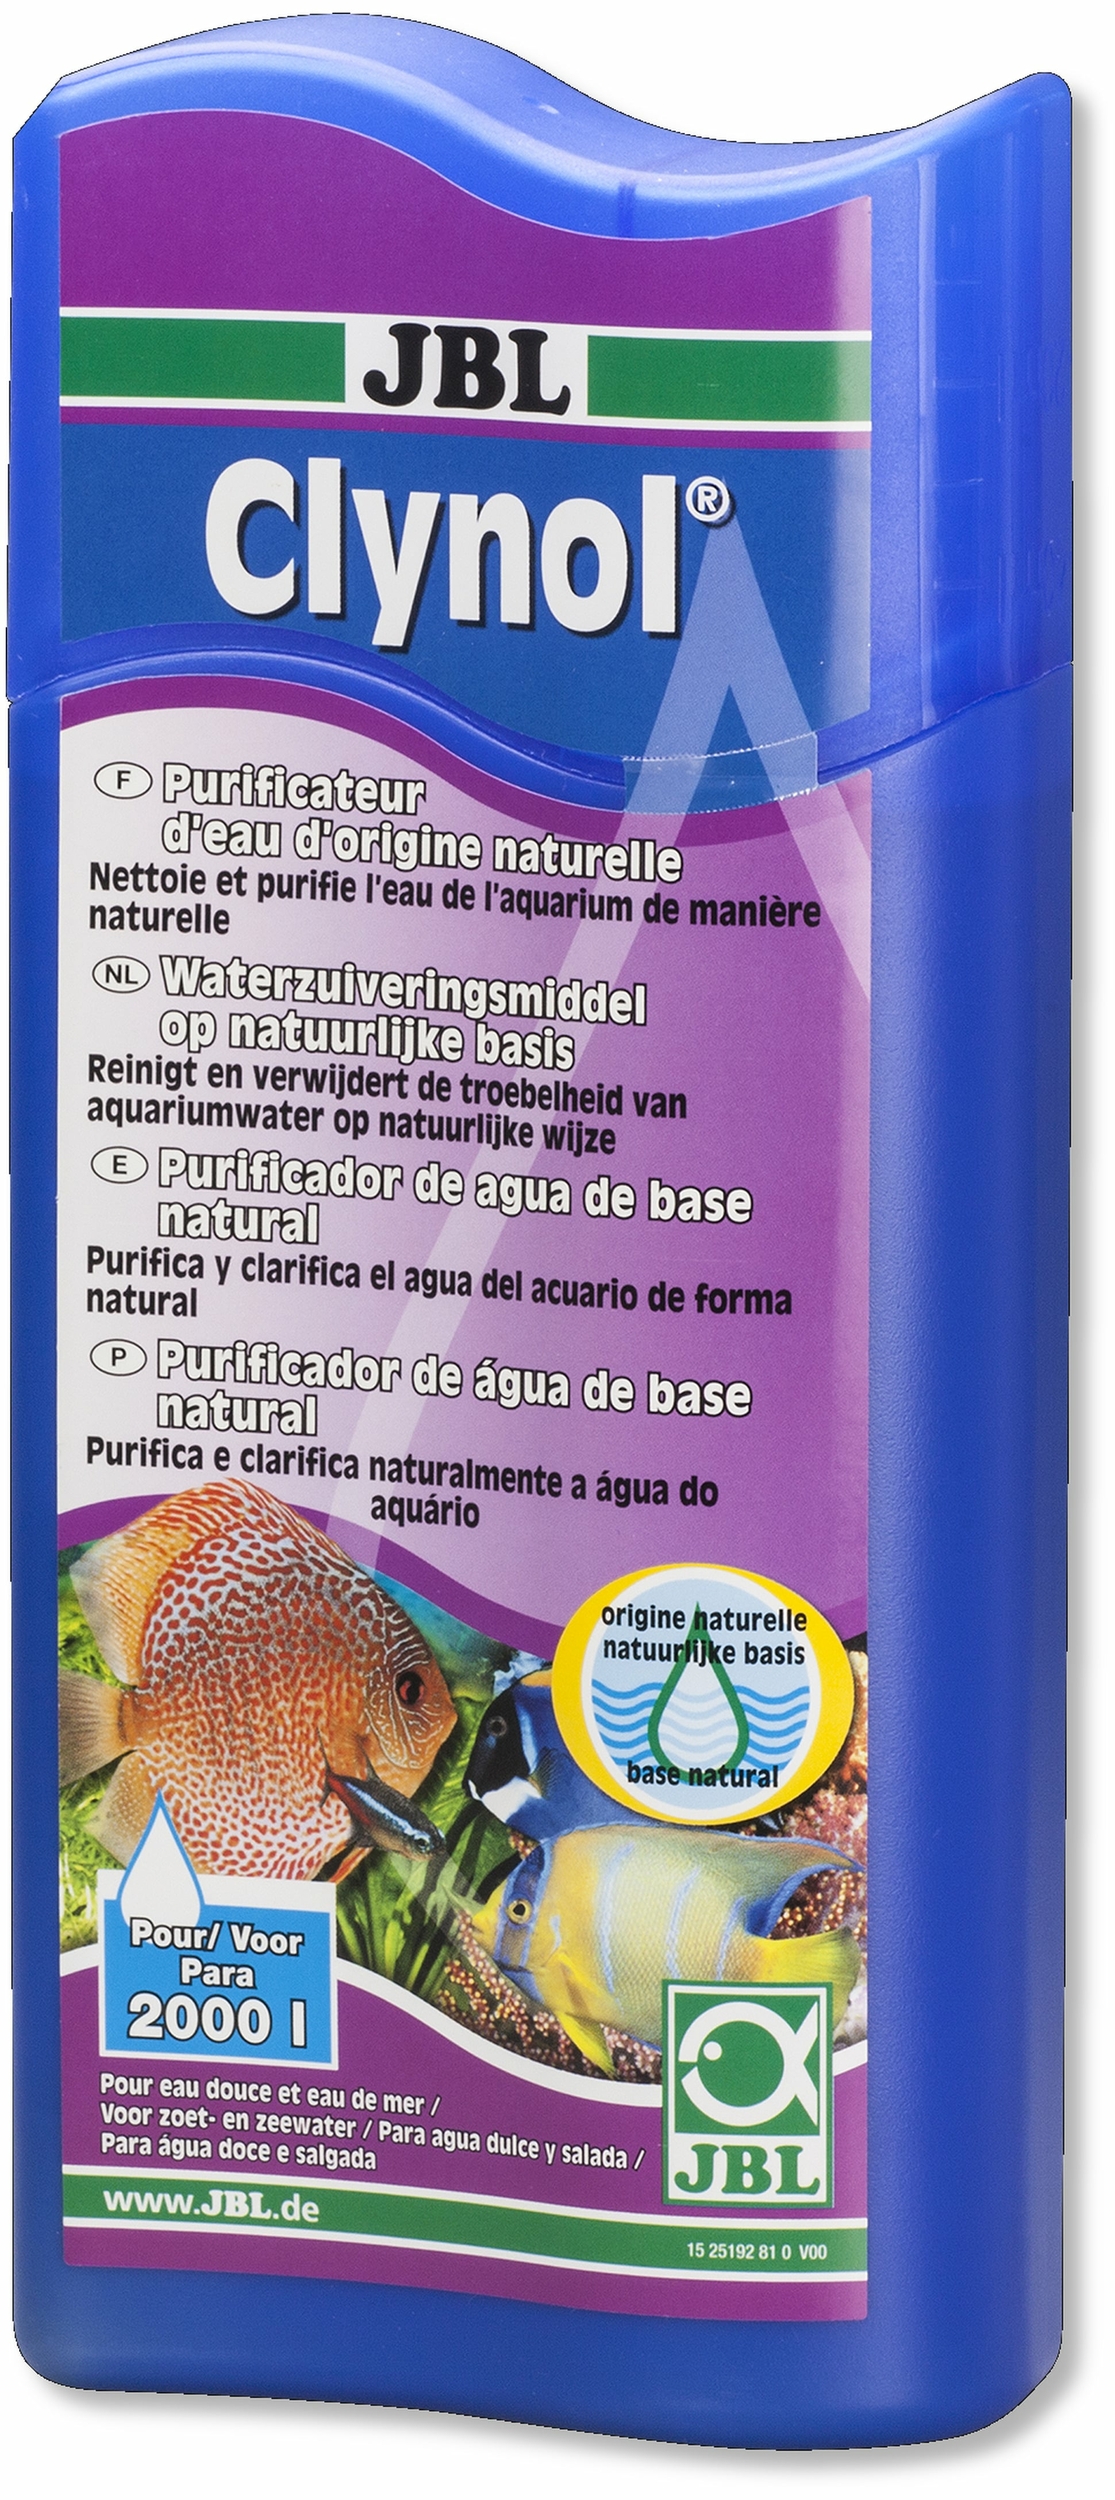 jbl-clynol-500-ml-purificateur-d-eau-d-origine-naturelle-pour-aquarium-d-eau-douce-min
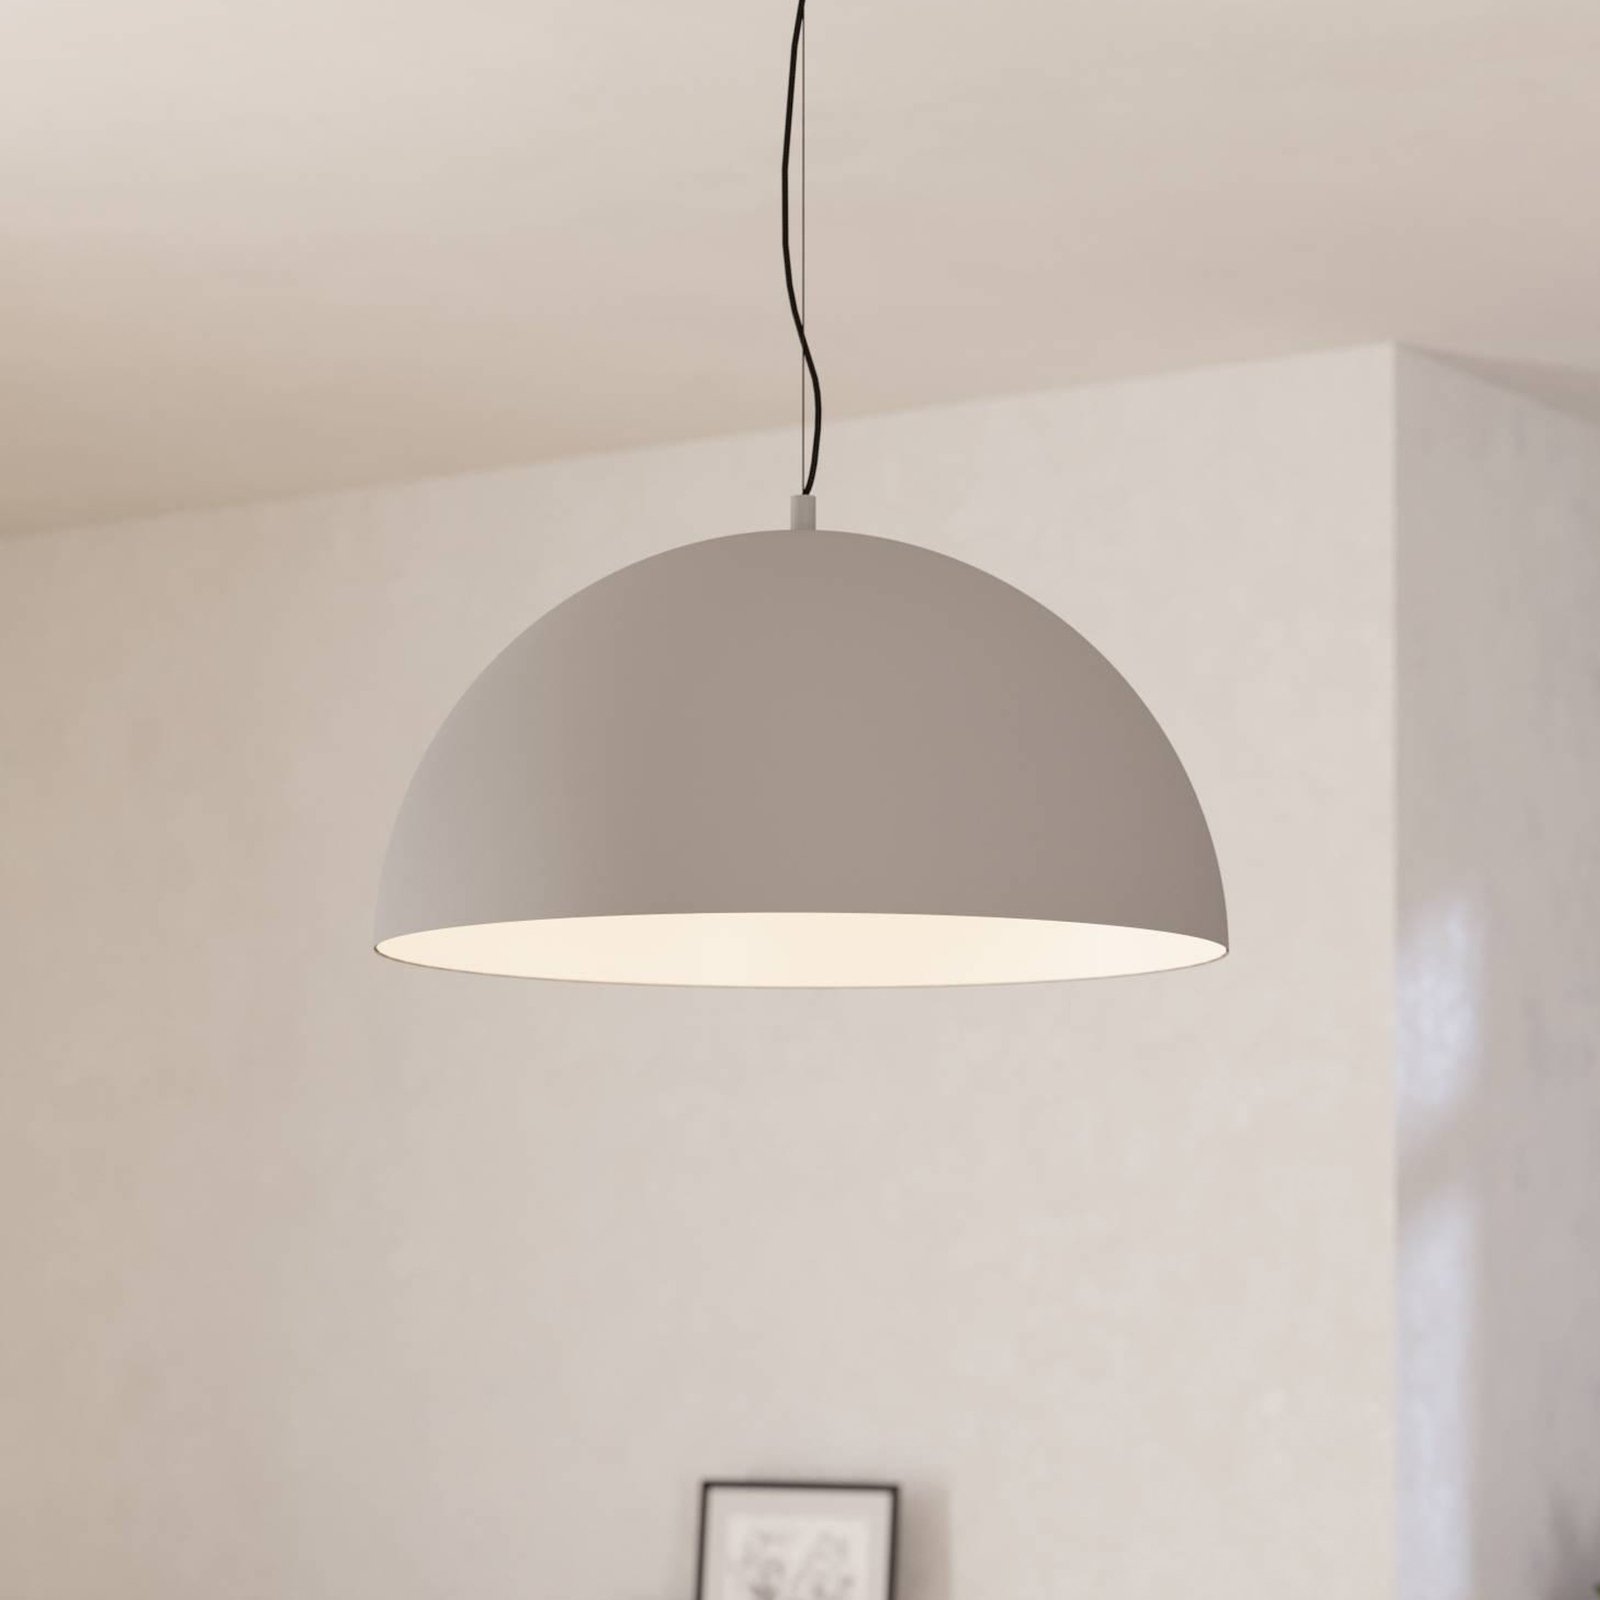 Gaetano 1 hanglamp, Ø 53 cm, grijs/wit, staal
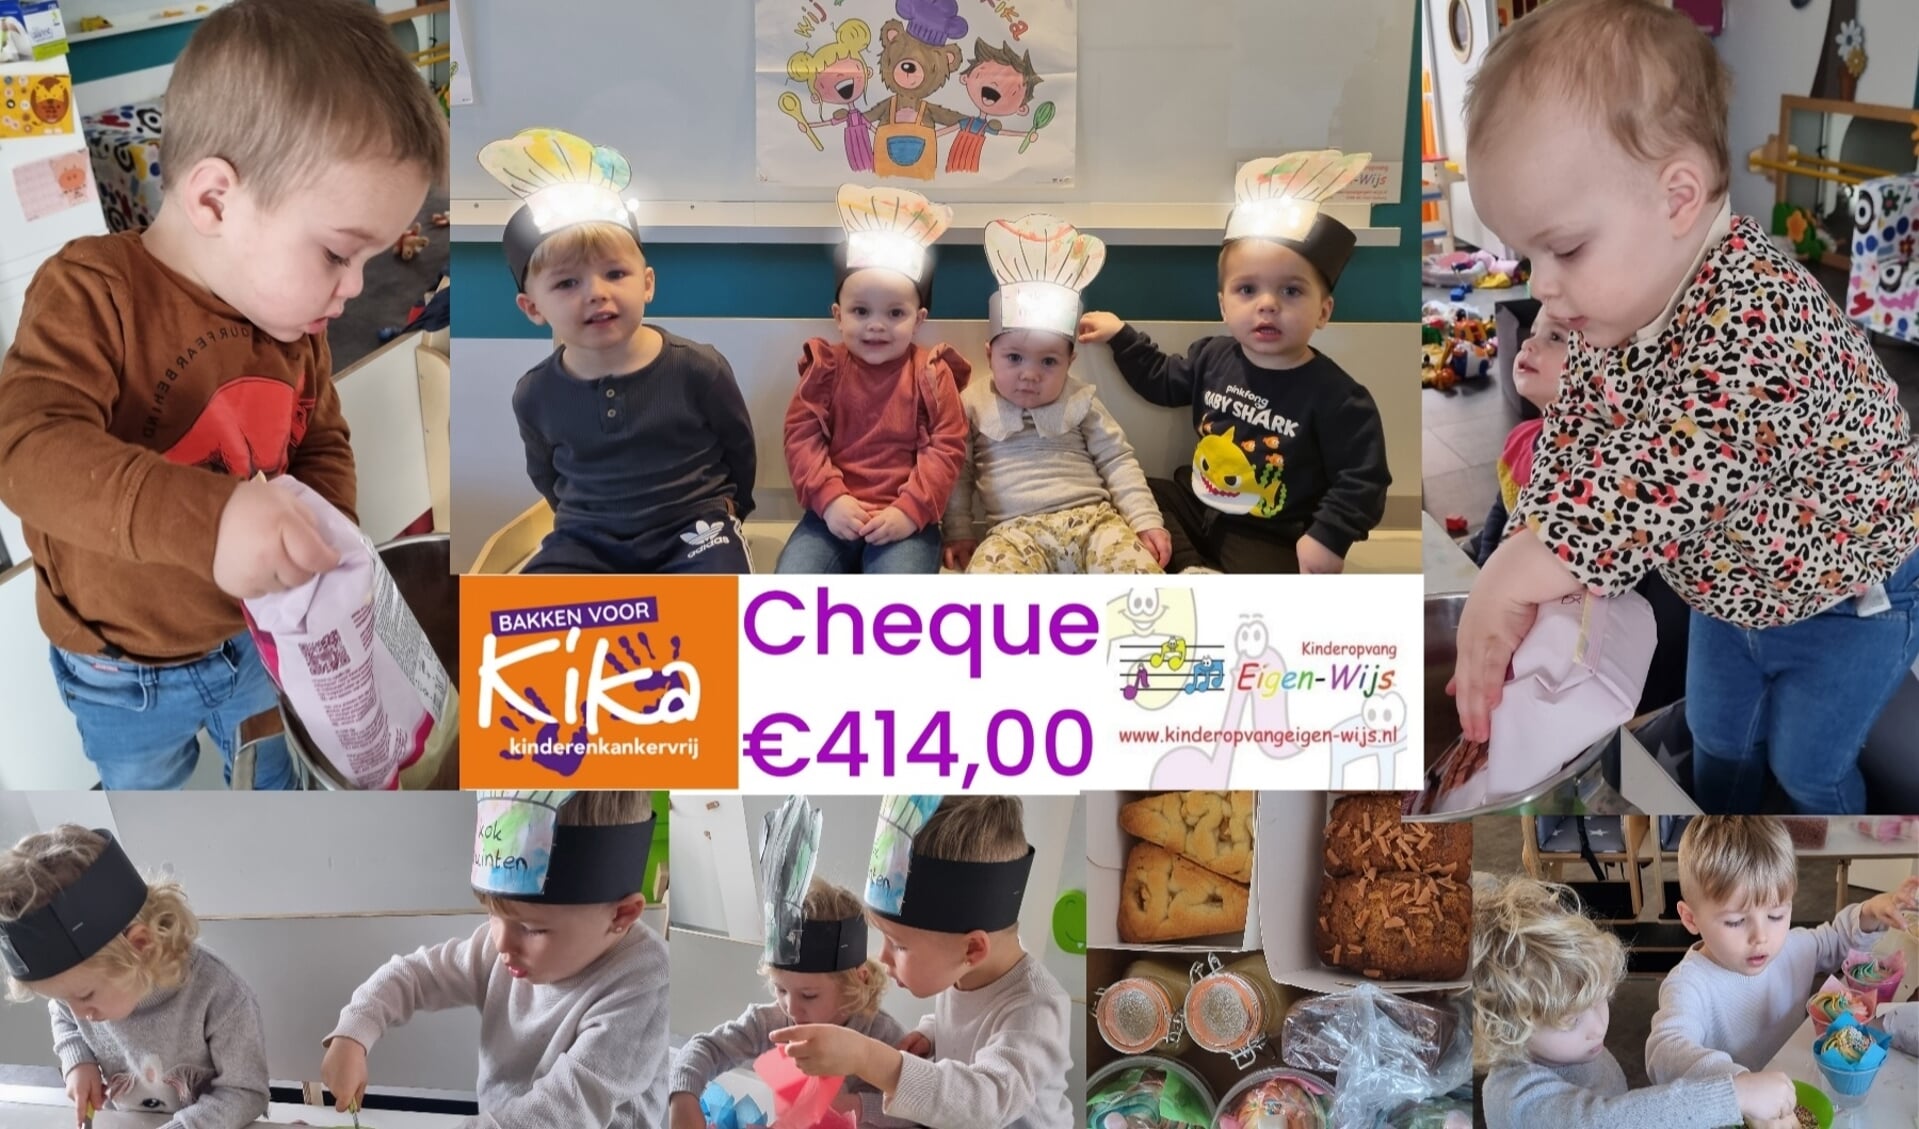 De bakkertjes van Kinderopvang Eigen-Wijs hebben €414,00 opgehaald voor KiKa

**The task**
From the data above, write out everything exactly except the pictures.

**Output for this exercise**
 jbl-clynol-500-ml-purificateur-d-eau-d-origine-naturelle-pour-aquarium-d-eau-douce-min
 Gaetano 1 hanglamp, Ø 53 cm, grijs/wit, staal
 De bakkertjes van Kinderopvang Eigen-Wijs hebben €414,00 opgehaald voor KiKa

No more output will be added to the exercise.